DATA SHOWN:

# # # # # # #

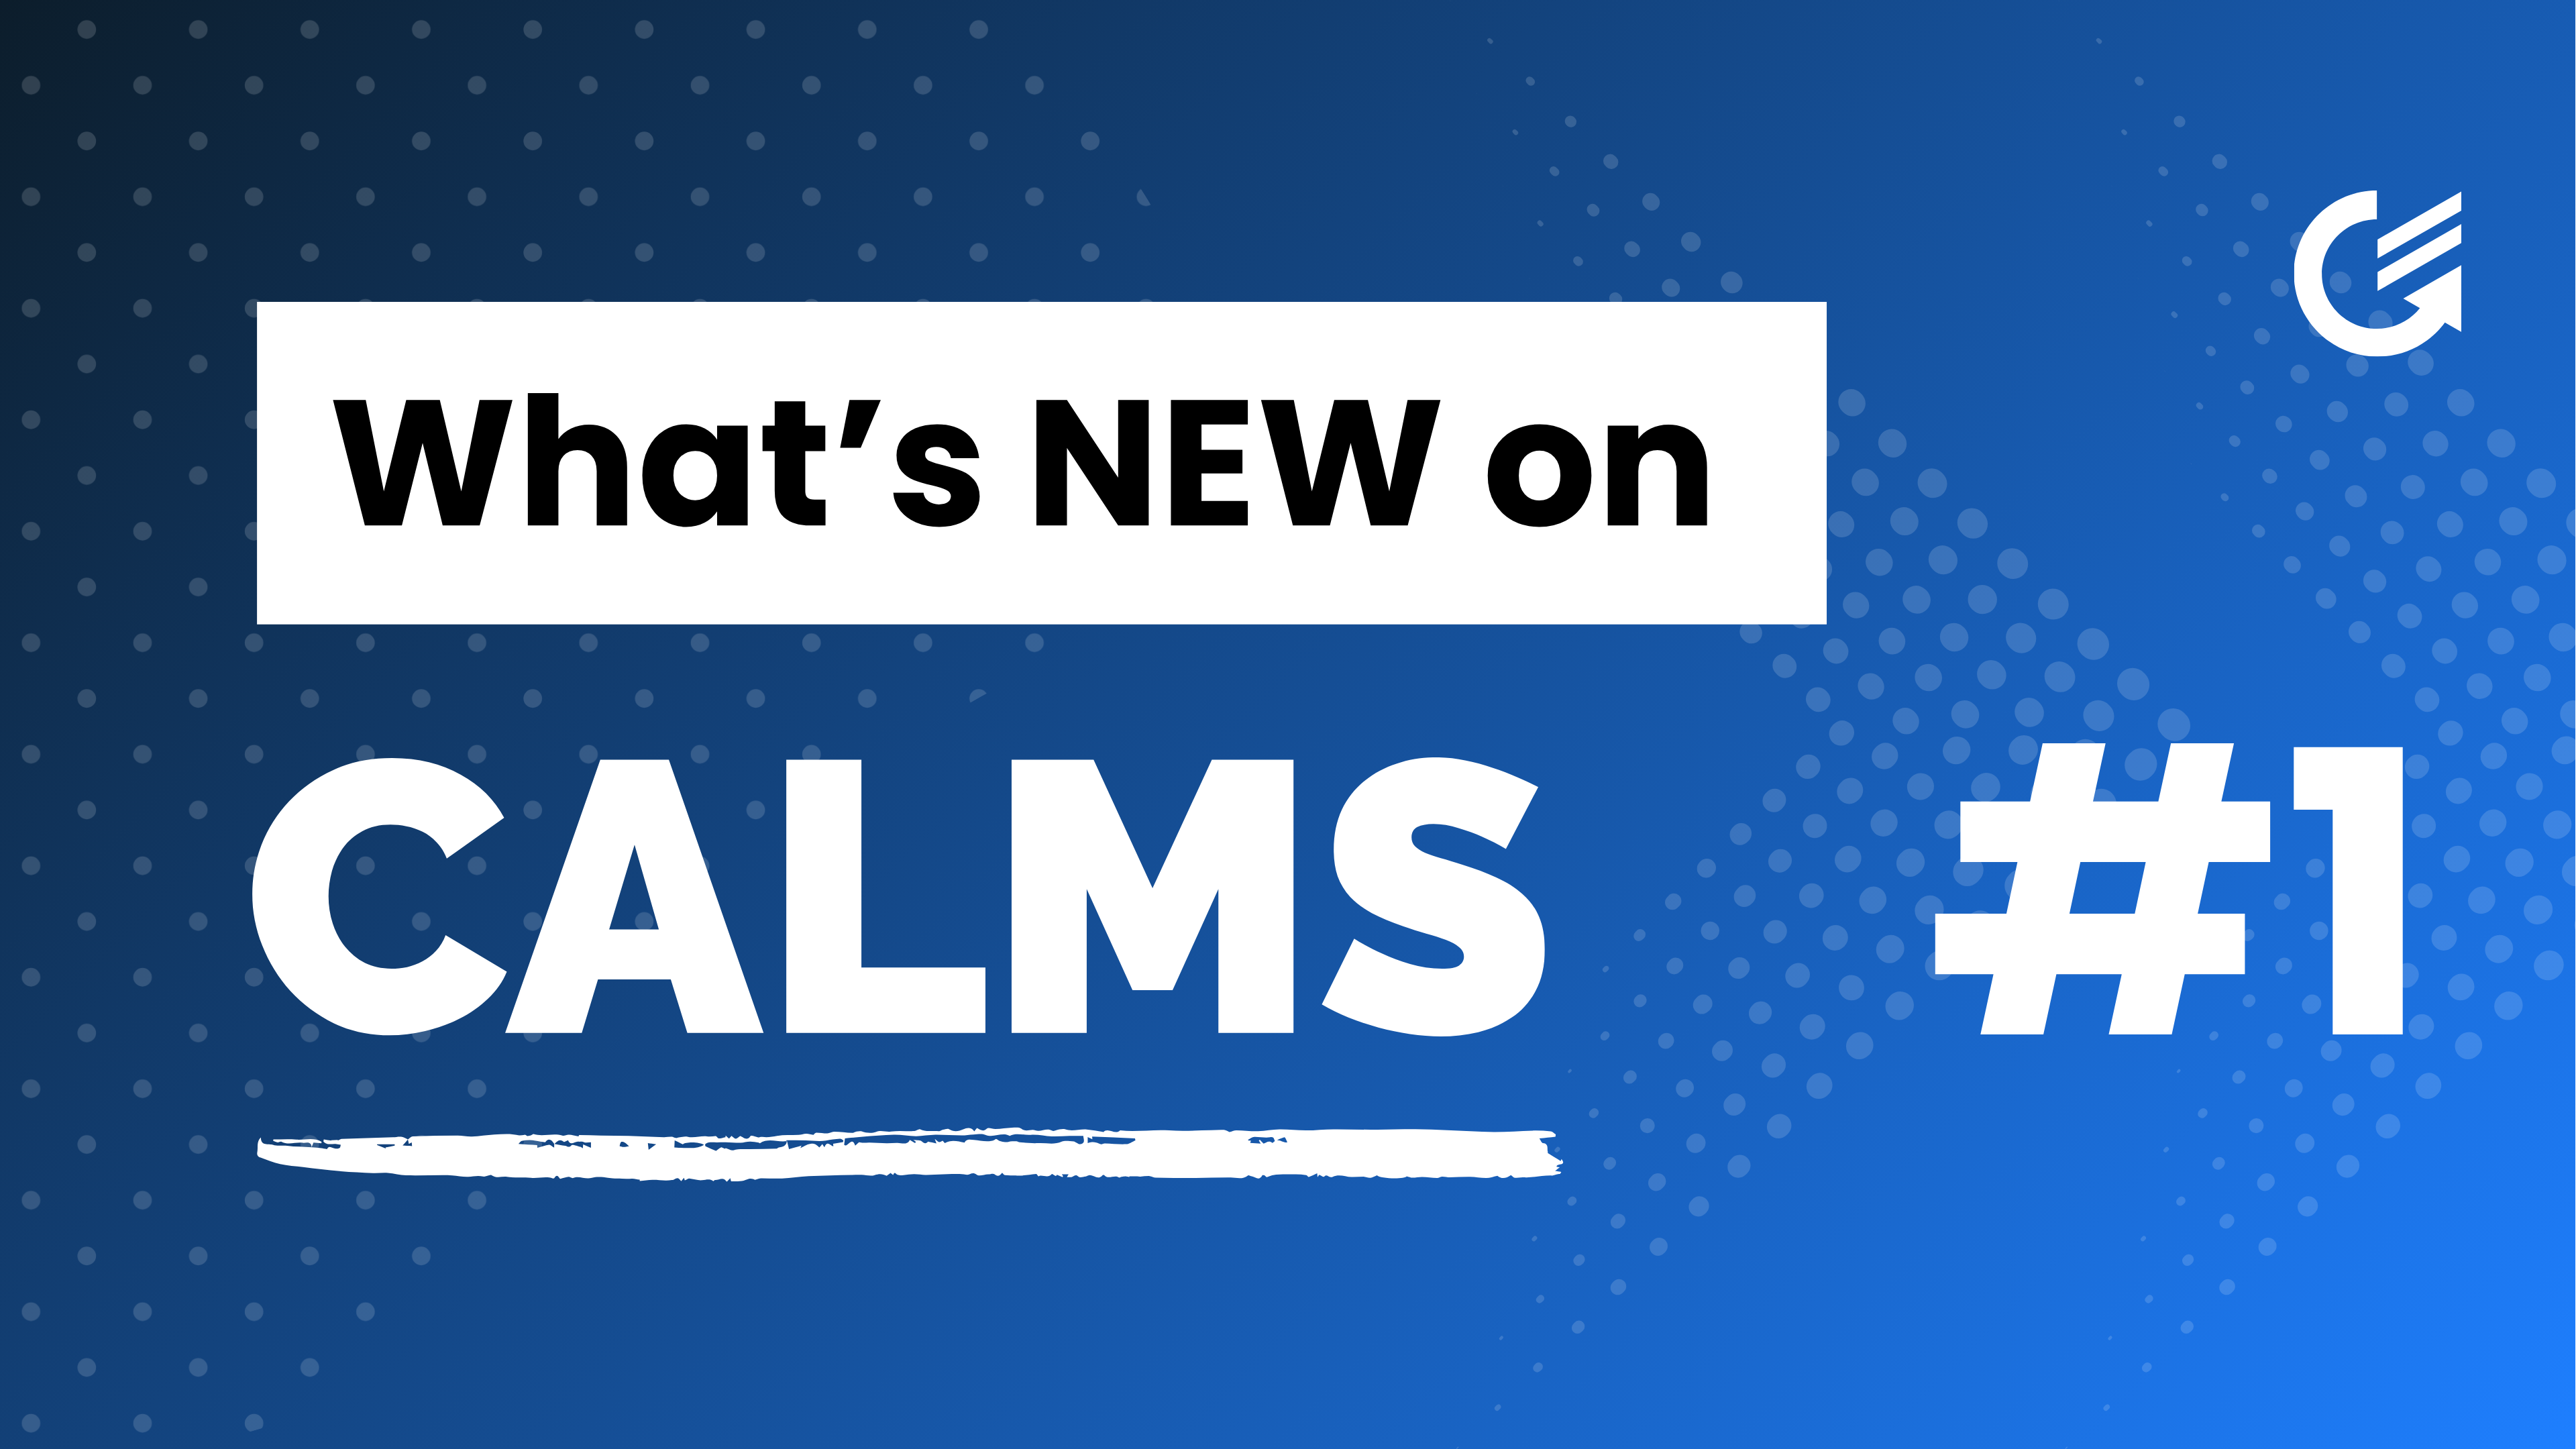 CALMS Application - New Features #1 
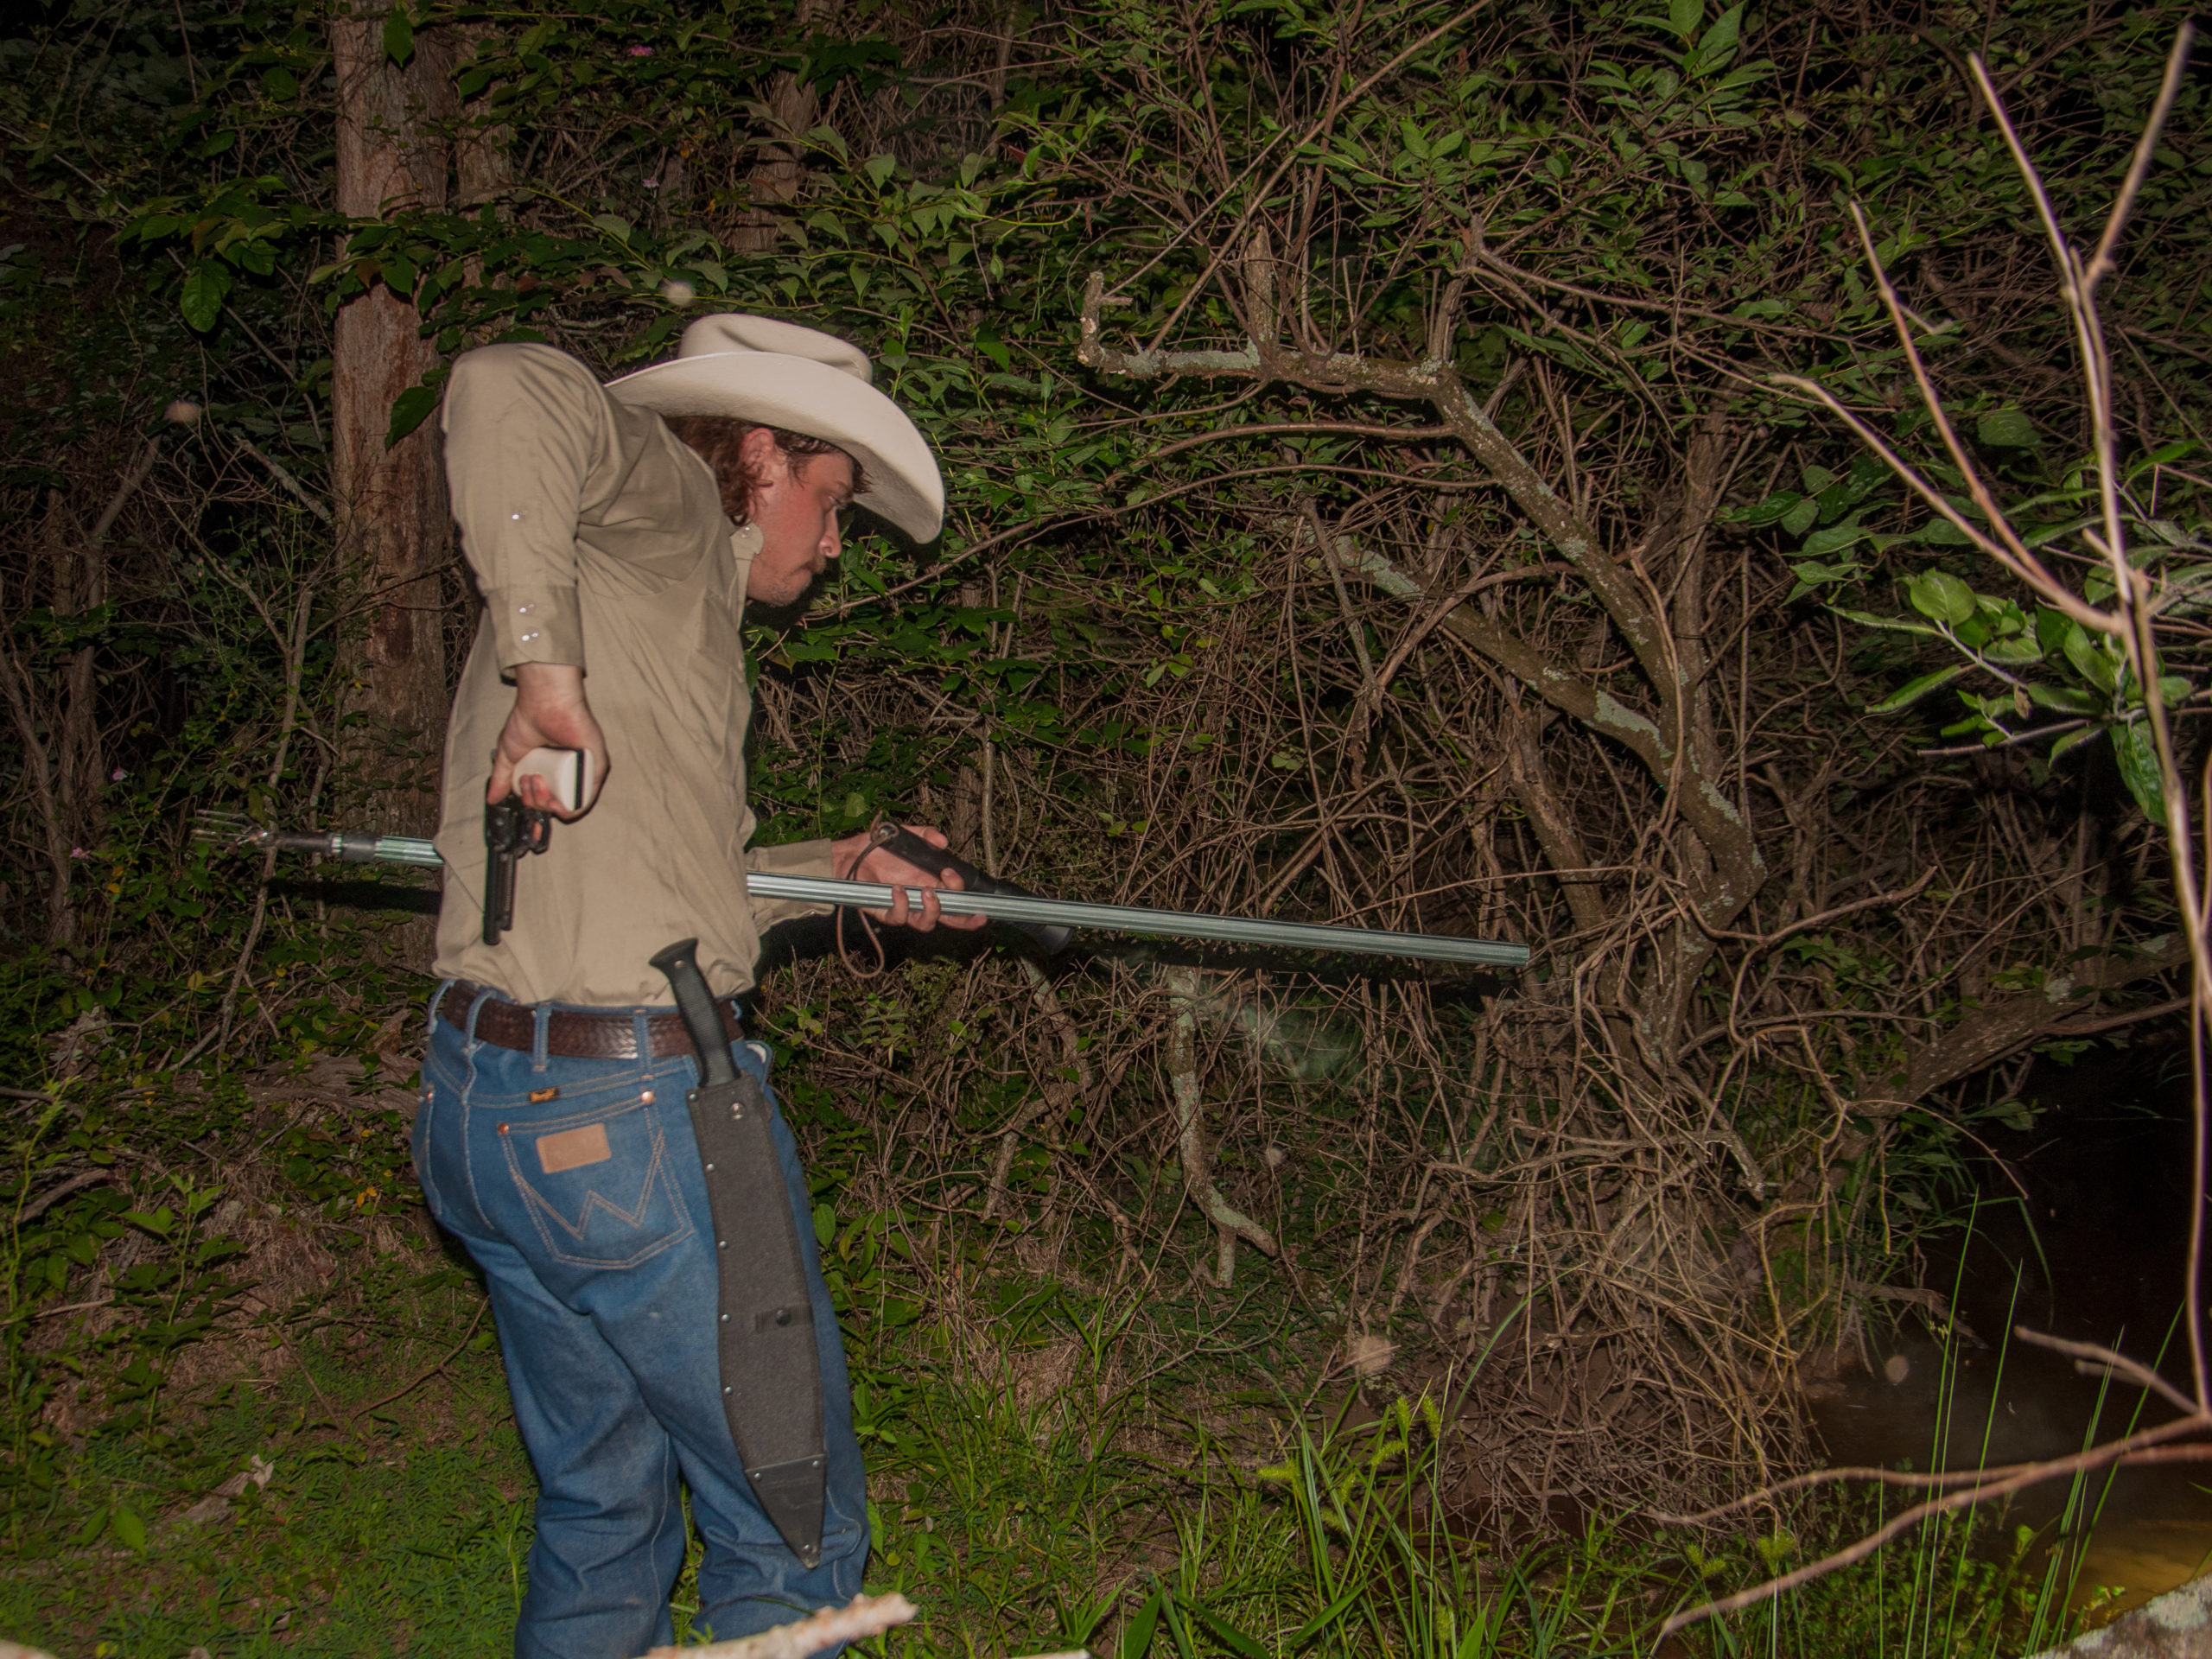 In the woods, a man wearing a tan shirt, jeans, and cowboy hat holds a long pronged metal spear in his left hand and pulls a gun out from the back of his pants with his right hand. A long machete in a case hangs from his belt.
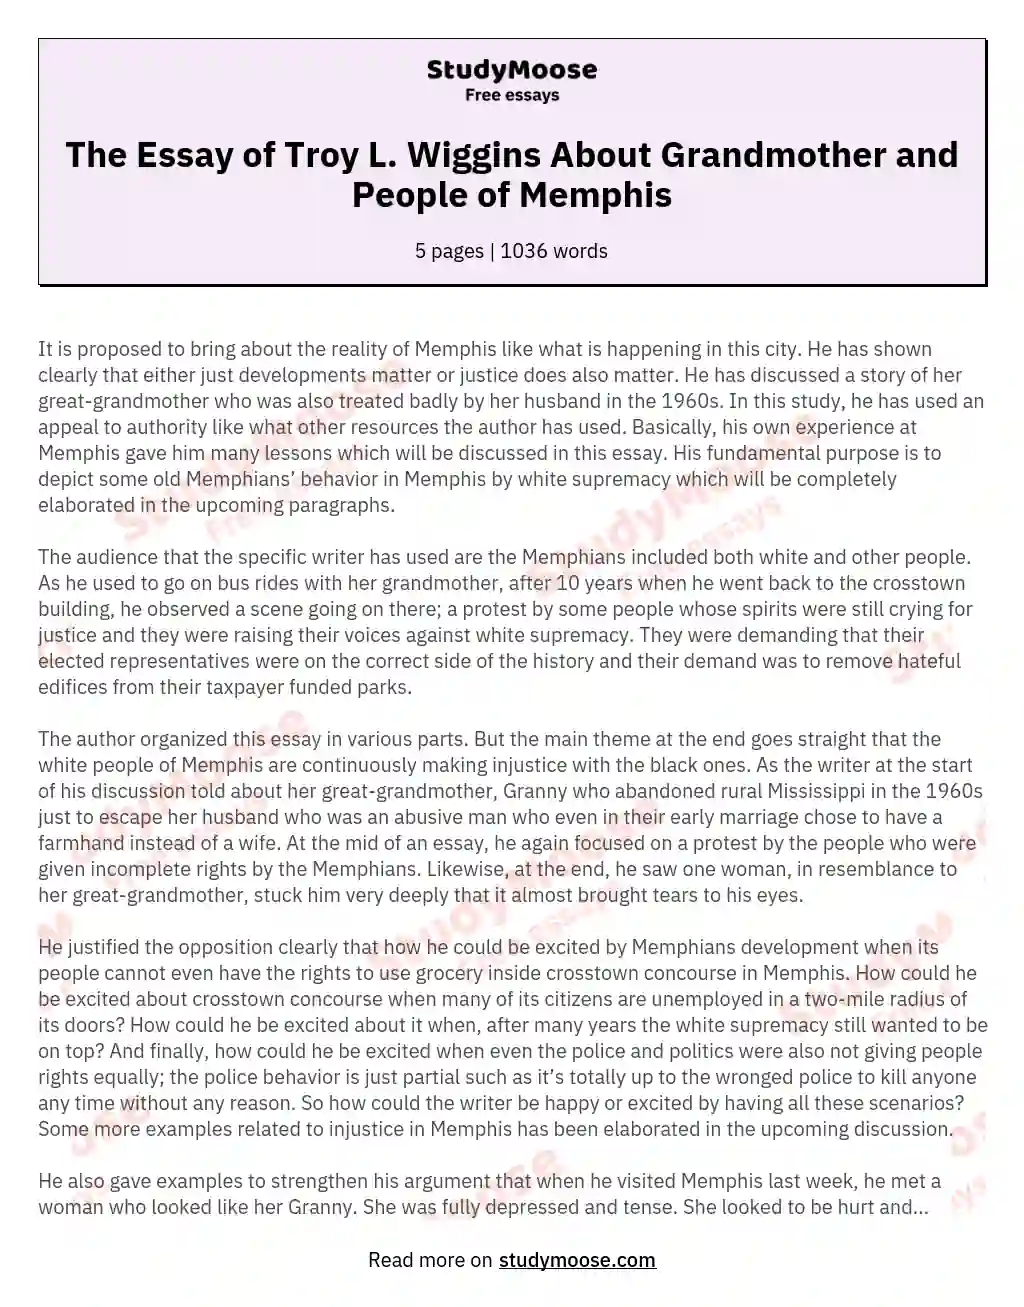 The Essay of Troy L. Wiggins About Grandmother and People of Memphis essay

# # # # # # #

WHAT THE EXERCISE ASKS:
From the line containing "In the woods, a" to the last line of the material, every line is to be reproduced exactly. No picture belongs in the copy.

SOLUTION TO THIS EXERCISE:
 In the woods, a man wearing a tan shirt, jeans, and cowboy hat holds a long pronged metal spear in his left hand and pulls a gun out from the back of his pants with his right hand. A long machete in a case hangs from his belt.
 The Essay of Troy L. Wiggins About Grandmother and People of Memphis essay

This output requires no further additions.